There are plenty of kinds of projects that greatly benefit from documentation. For example, library code written by a development team and used by lots of other people needs clear docs; the scikit-learn docs are exemplary. However, documentation in data processing tasks tends to be misleading.
We build the documentation into the structure of the task. If the task works, the structure is right, and that means the self-documentation is in place. This approach doesn’t work for all projects, but we’ve found that for data processing projects, self-documentation — that is, explanatory structures — make reviewing a long-ago, and long-forgotten project relatively easy.

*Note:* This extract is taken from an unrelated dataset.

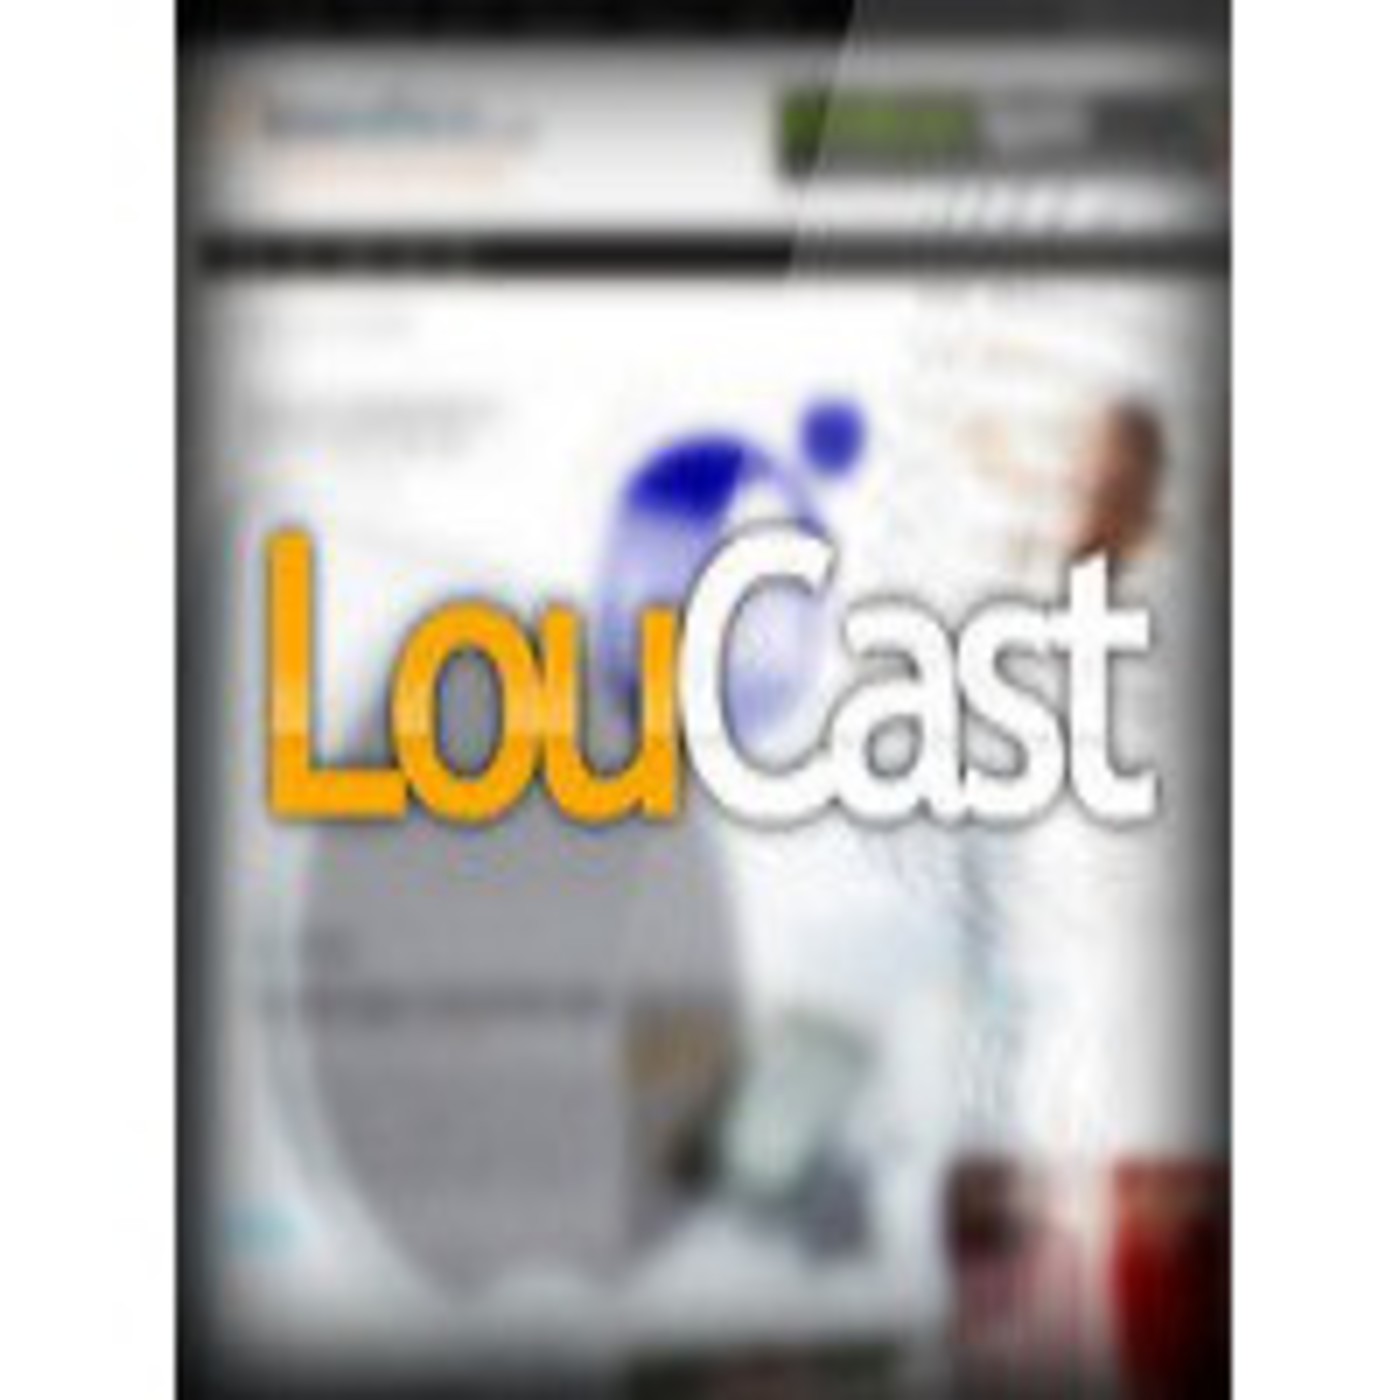 LouCast - Episodio 1 de la nueva temporada, con @jfulgen

Additional, optional directories
These are rare, but it’s important to keep the meaning of the three core directories clear, so files that don’t fit the input-src-output logic are kept separately.
note: Increasingly we prototype ideas in interactive jupyter notebooks and RStudio markdown files. Notebooks and R markdown files are a great place to explore analyses, and to make sure a tricky chunk of code is doing what you expect. However, they’re not good for the final results. In particular, it’s difficult to assure that the cells of an interactive notebook have been executed in order. Users often test the results in a given cell, then go above that cell to adjust something, then re-run other cells. The results of a notebook may become dependent on an arbitrary execution sequence, which makes them fragile. There are other issues with using notebooks for production work, but from the perspective of the task, execution context and sequence are the biggest problems. We store notebooks in the note/ directory, but the final work has to be in scripts in src/.

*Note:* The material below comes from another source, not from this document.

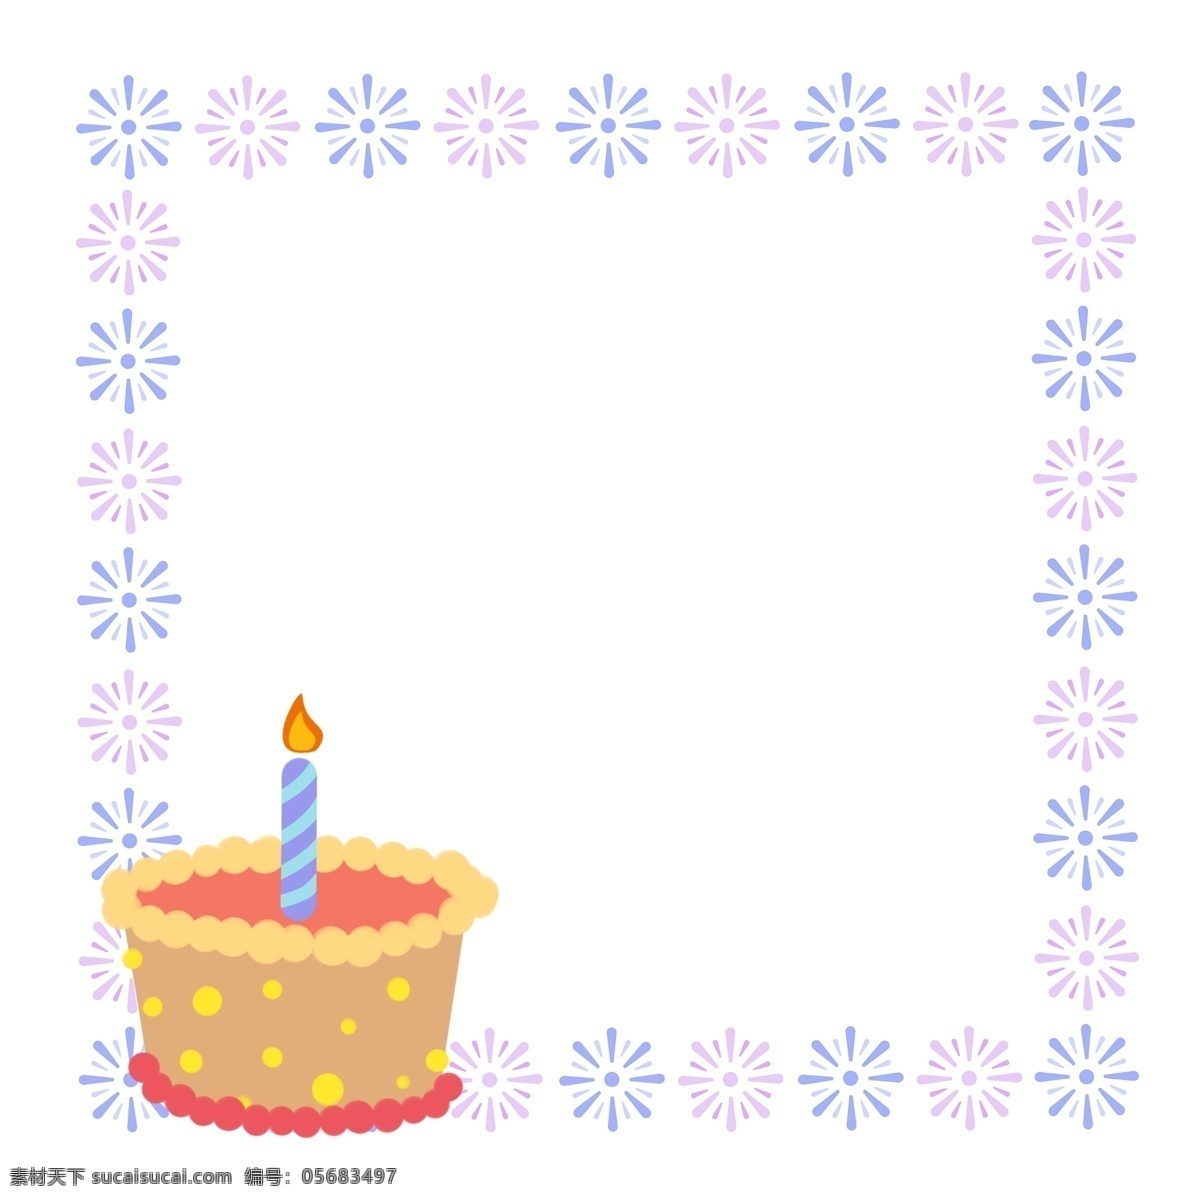 生日蛋糕 蜡烛 边框 燃烧的蜡烛 卡通边框 小物边框 物品边框 漂亮边框 美丽边框 生日的边框

docs: Some tasks have additional files we need to keep that aren’t data or source code. For example, when we receive data files from a partner to be stored in an import/ task, we sometimes get documentation from them in pdf, docx, html, or some other format. These files are stored in a doc/ directory at the same level as input/.
hand: In other tasks, we may need to recode a series of values. This is common in data cleaning, for example, where we might want to convert city names “San Fran,” “Babylon by the Bay,” and “Frisco,” to a canonical “San Francisco.” In our practice, we would store the variant spellings in a small csv file which we maintain by hand, like source code. It’s data, not code, but it’s not an input because we update it (fiddling by hand) when we find new values. These files go in a hand/ directory at the same level as src/.
Similarly, it is often valuable to associate a constant value with a name:
So that we can refer in code to conflict_begin instead of hard-coding the date. This has several benefits: all references to this date now resolve to the same value, avoiding errors we might introduce if we mistyped the hard-coded date in several different places in the code. This also means that if we decide to change the value (perhaps we decide that the conflict started on 11 March instead of 10 March), we only have to change it once (don’t repeat yourself!). We say what we mean (“the start of the conflict”) instead of requiring that the person reading the code know what the date implies. We store data like this in yaml files in hand/.
frozen: In extremely rare cases, the best way to process a file is by using an interactive tool. For example, ancient files in dbf format (from dBase III, FoxBase, and FoxPro) can be easily and accurately read by LibreOffice — including the memo fields! — while other, scriptable tools tend to be buggy or partial. When we need to extract dbf files, we put the original dbf files in input/, then open them with LibreOffice, save the csv files to frozen/, and symlink the files from frozen/ to output/.